Provided records: Begin
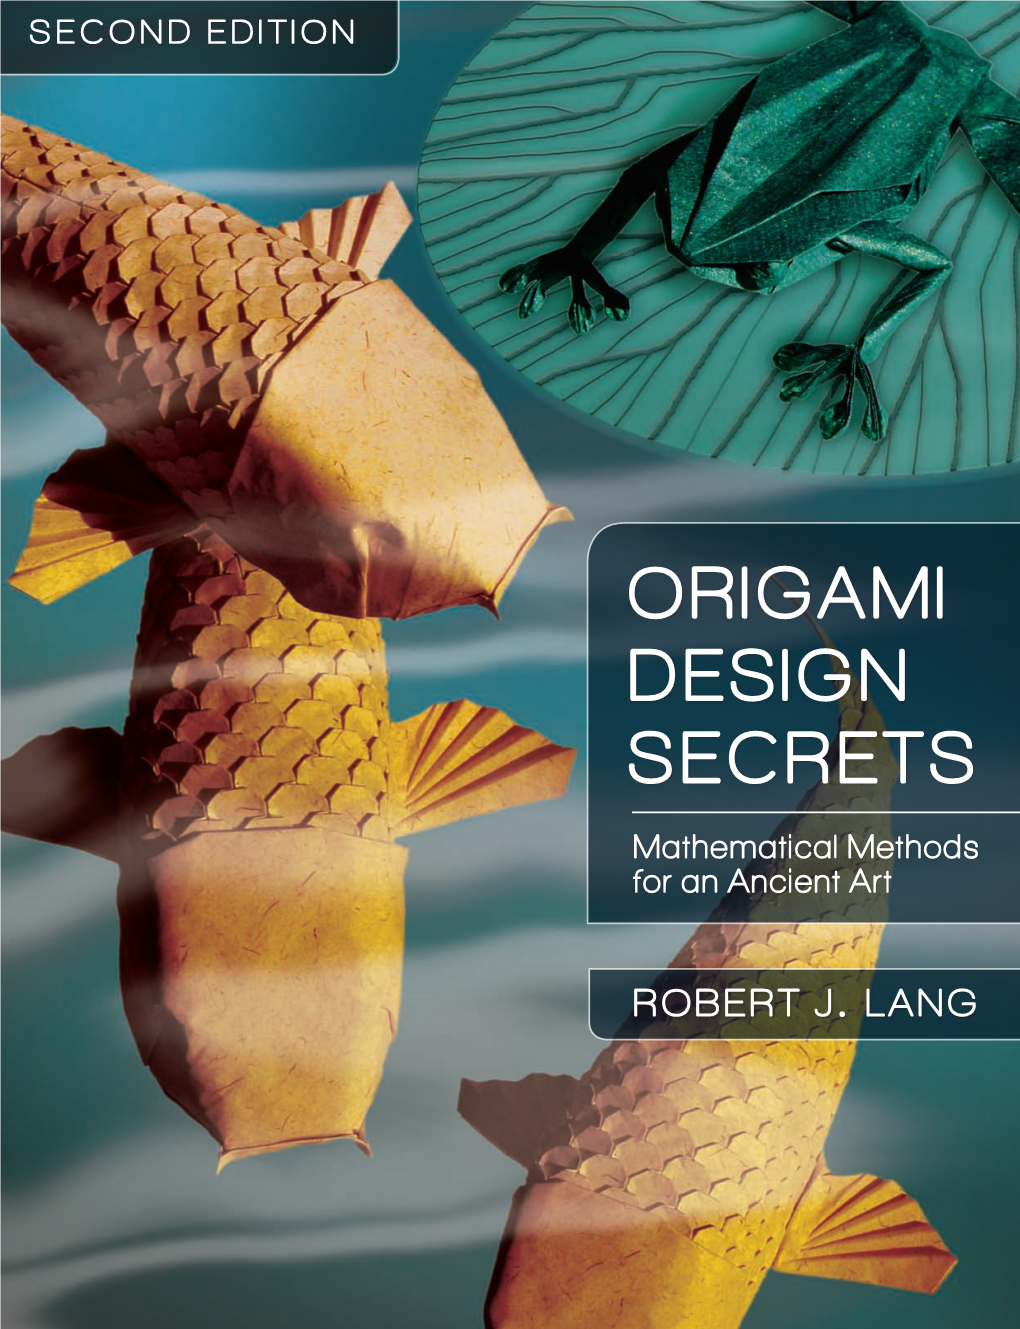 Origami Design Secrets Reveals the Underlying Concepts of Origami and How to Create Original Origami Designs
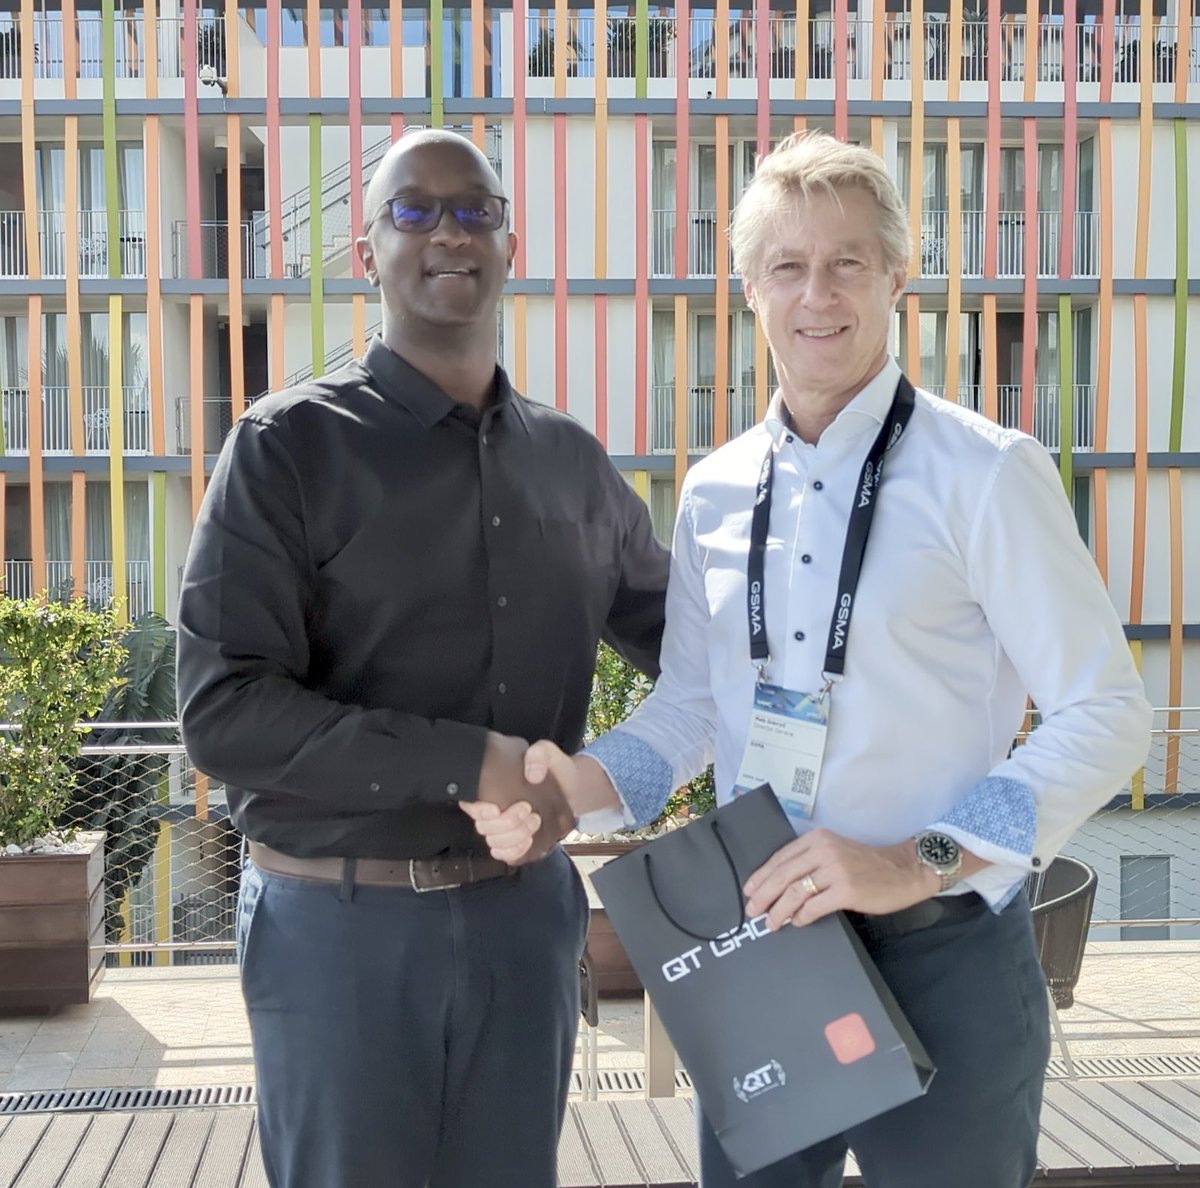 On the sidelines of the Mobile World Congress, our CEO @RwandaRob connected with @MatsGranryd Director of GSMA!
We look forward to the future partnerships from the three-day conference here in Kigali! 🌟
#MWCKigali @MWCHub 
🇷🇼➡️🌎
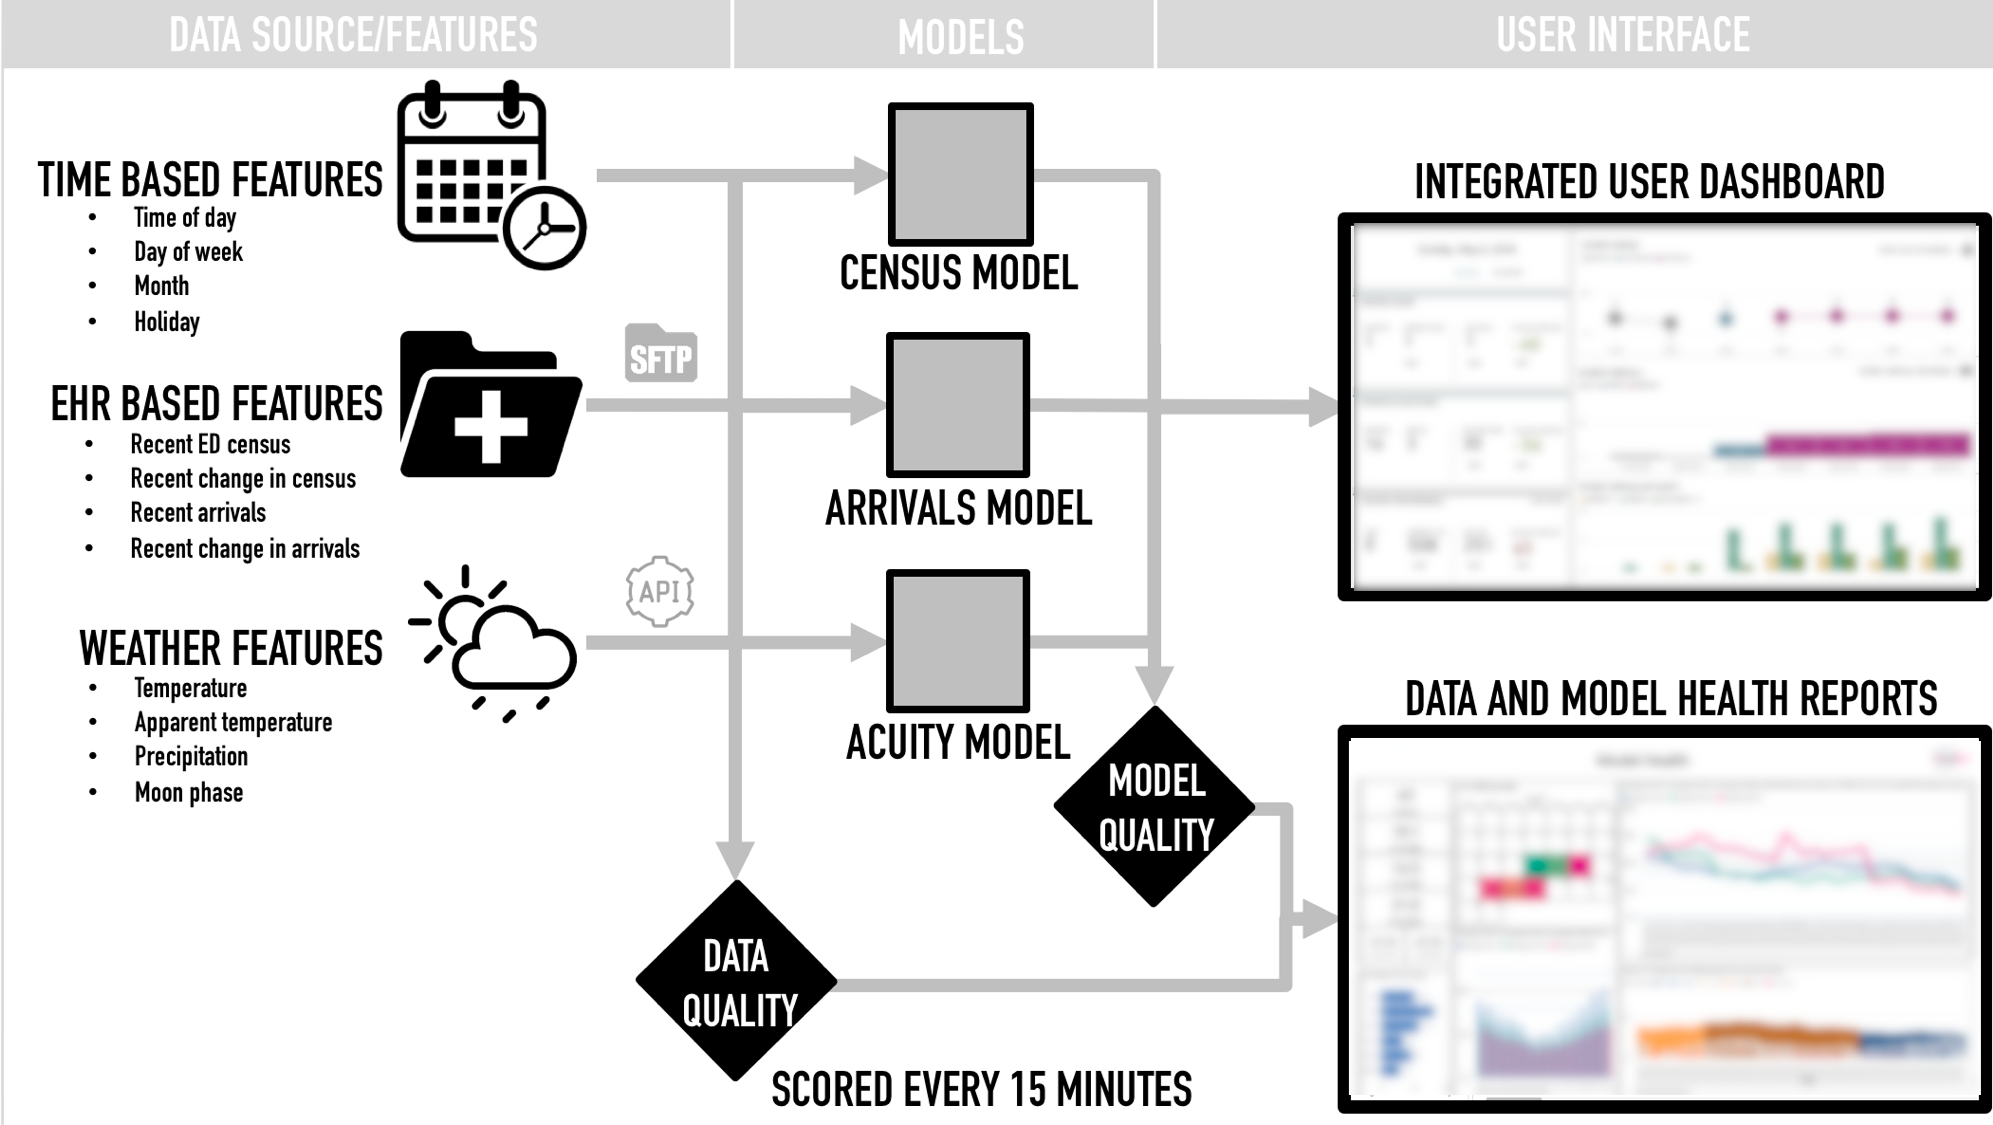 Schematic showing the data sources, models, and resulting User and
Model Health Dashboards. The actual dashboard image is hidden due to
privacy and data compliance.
Provided records: End
- **Work instruction**
No pictures belong in the answer. It must repeat exactly the lines from the line with "#MWCKigali @MWCHub" through the final line of the records.

- **Written solution**
#MWCKigali @MWCHub 
🇷🇼➡️🌎
 Schematic showing the data sources, models, and resulting User and
Model Health Dashboards. The actual dashboard image is hidden due to
privacy and data compliance.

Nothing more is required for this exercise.